期刊
IEEE TRANSACTIONS ON BIOMEDICAL ENGINEERING
卷 51, 期 2, 页码 273-281出版社
IEEE-INST ELECTRICAL ELECTRONICS ENGINEERS INC
DOI: 10.1109/TBME.2003.820394
关键词
convex quadratic optimization; inverse problem of electrocardiography; L-curve method; spatiotemporal regularization; tikhonov regularization; transmembrane potential
The single beat reconstruction of electrical cardiac sources from body-surface electrocardiogram data might become an important issue for clinical application.

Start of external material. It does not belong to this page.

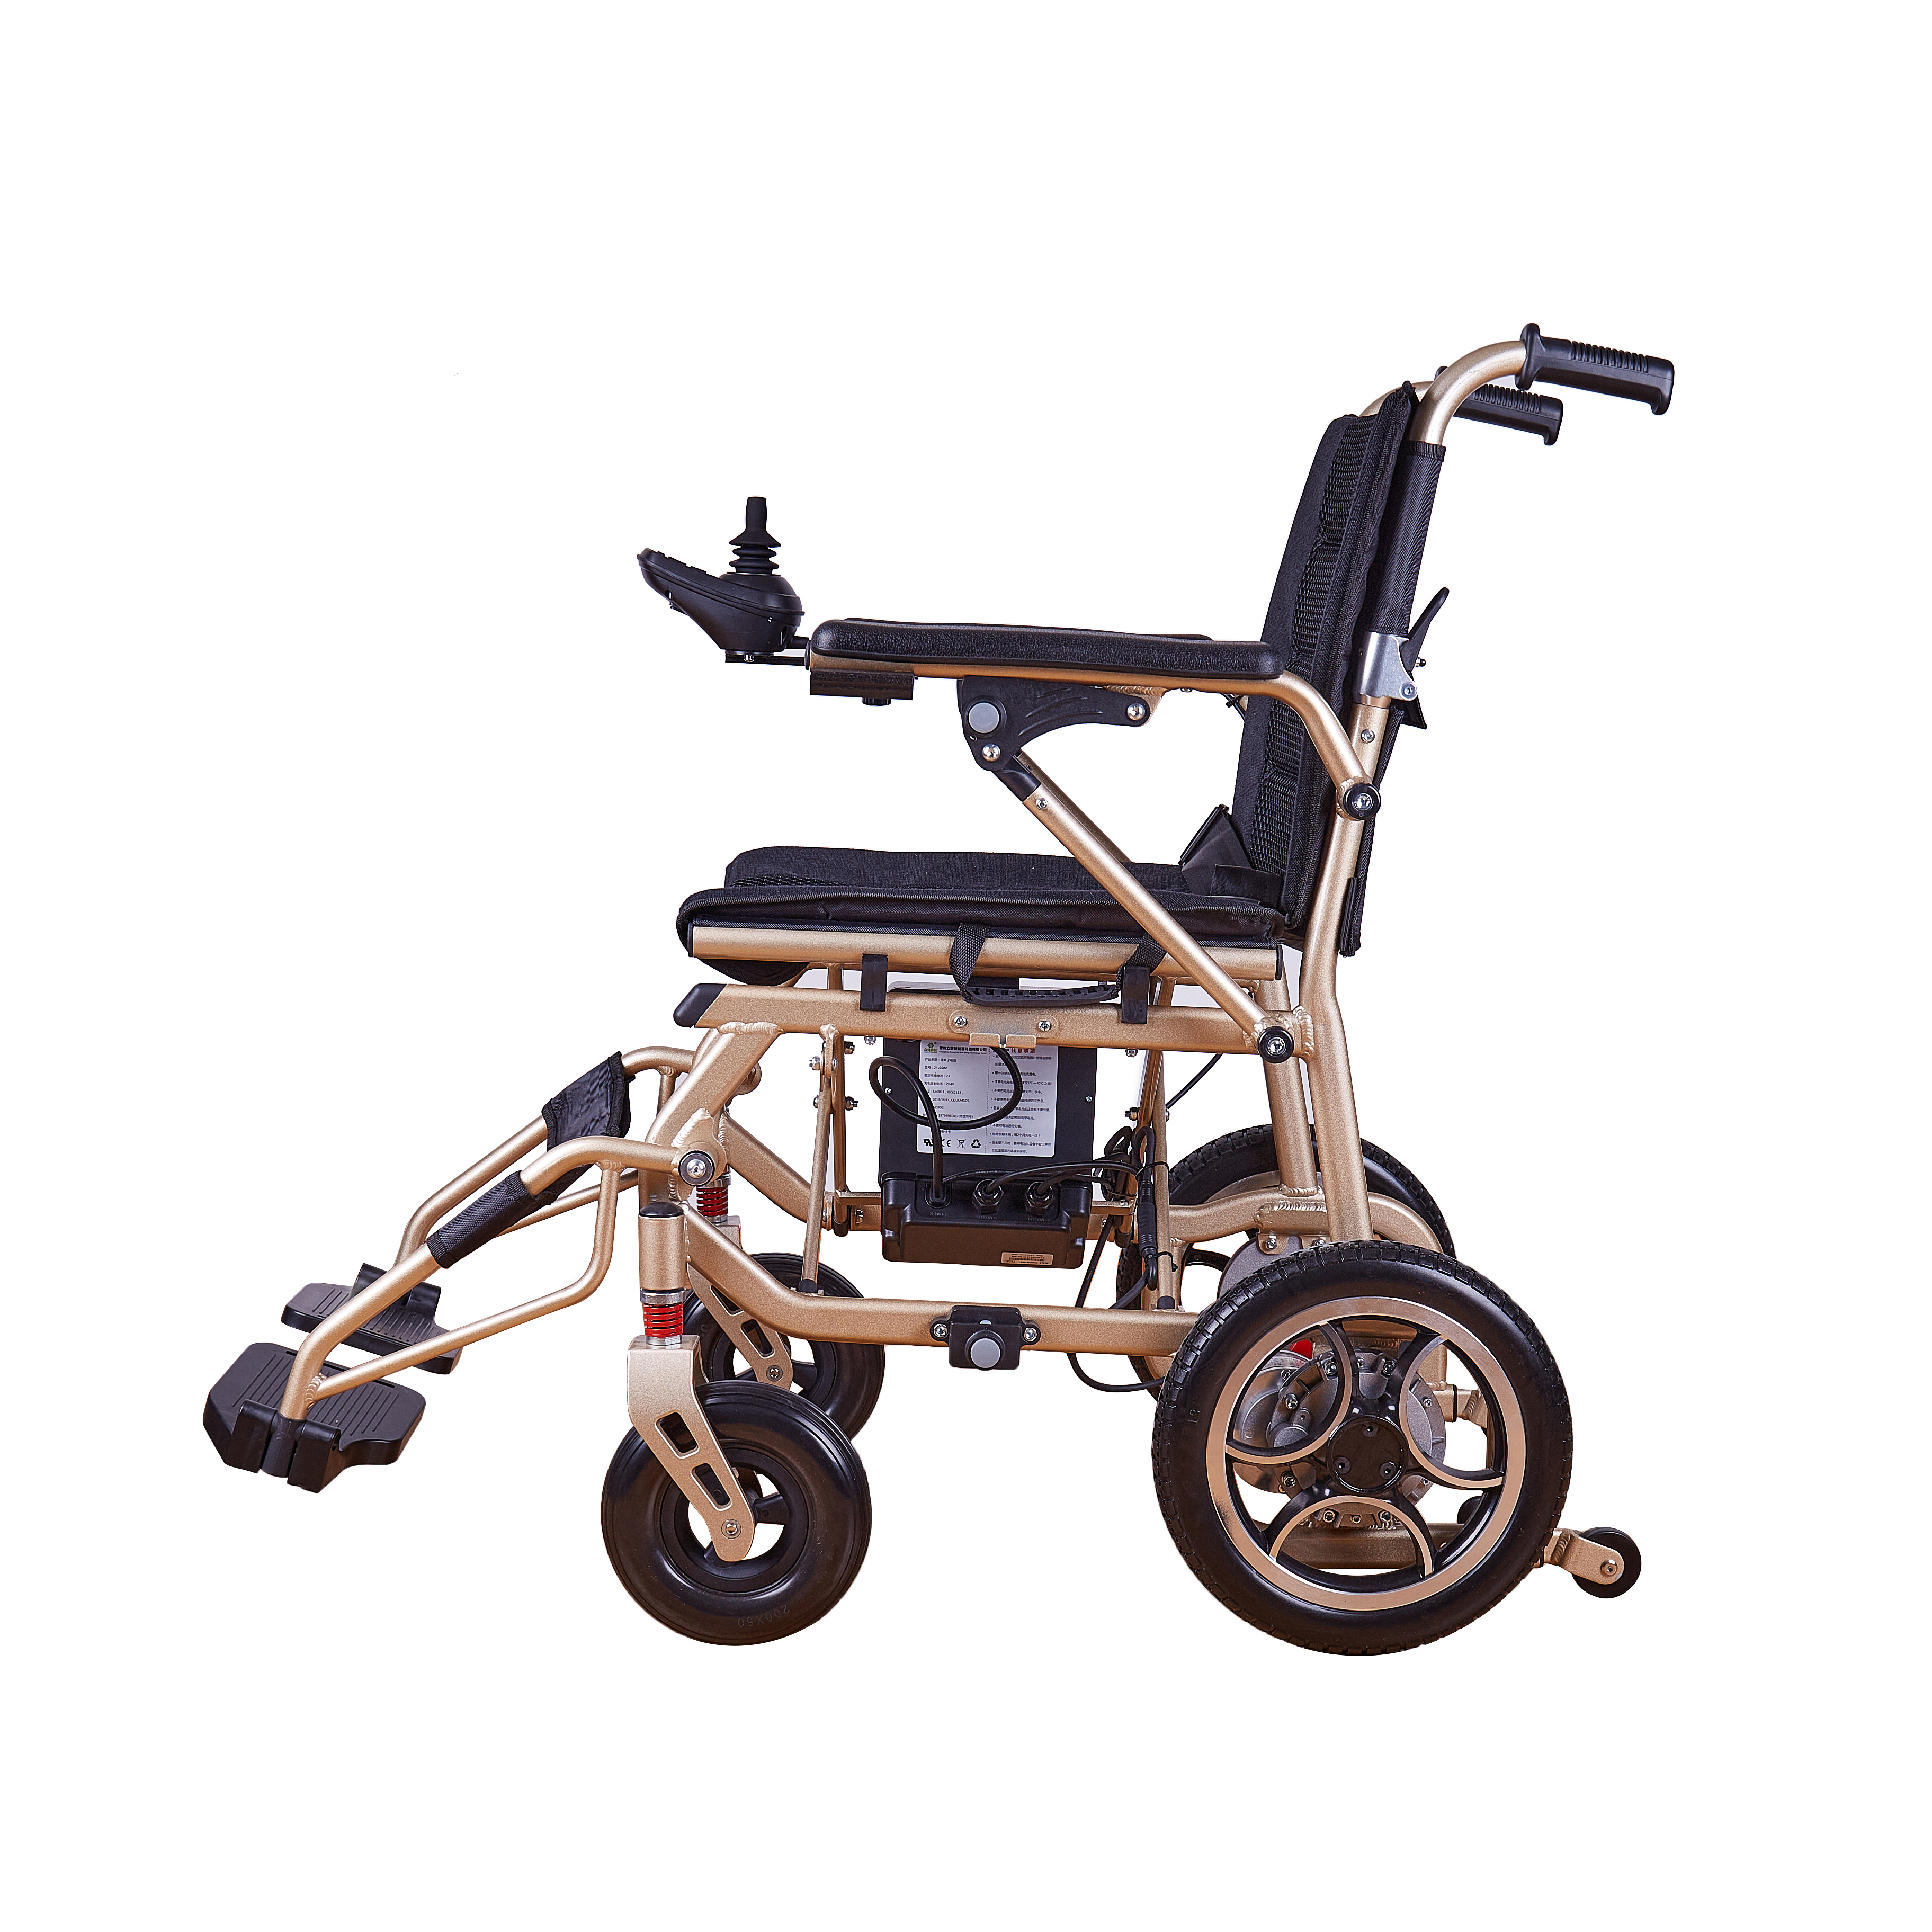 Heißer Verkauf leichte medizinische Ausrüstung 4-Rad-faltbare faltbare motorisierte Mobilitätsroller und Rollstühle für Erwachsene Empfohlenes Bild

The feasibility and field of application of noninvasive imaging methods strongly depend on development of stable algorithms for solving the underlying ill-posed inverse problems. We propose a novel spatiotemporal regularization approach for the reconstruction of surface transmembrane potential (TMP) patterns. Regularization is achieved by imposing linearly formulated constraints on the solution in the spatial as well as in the temporal domain. In the spatial domain an operator similar to the surface Laplacian, weighted by a regularization parameter, is used. In the temporal domain monotonic nondecreasing behavior of the potential is presumed. This is formulated as side condition without the need of any regularization parameter. Compared to presuming template functions, the weaker temporal constraint widens the field of application because it enables the reconstruction of TMP patterns with ischemic and infarcted regions. Following the line of Tikhonov regularization, but considering all time points simultaneously, we obtain a linearly constrained sparse large-scale convex optimization problem solved by a fast interior point optimizer. We demonstrate the performance with simulations by comparing reconstructed TMP patterns with the underlying reference patterns.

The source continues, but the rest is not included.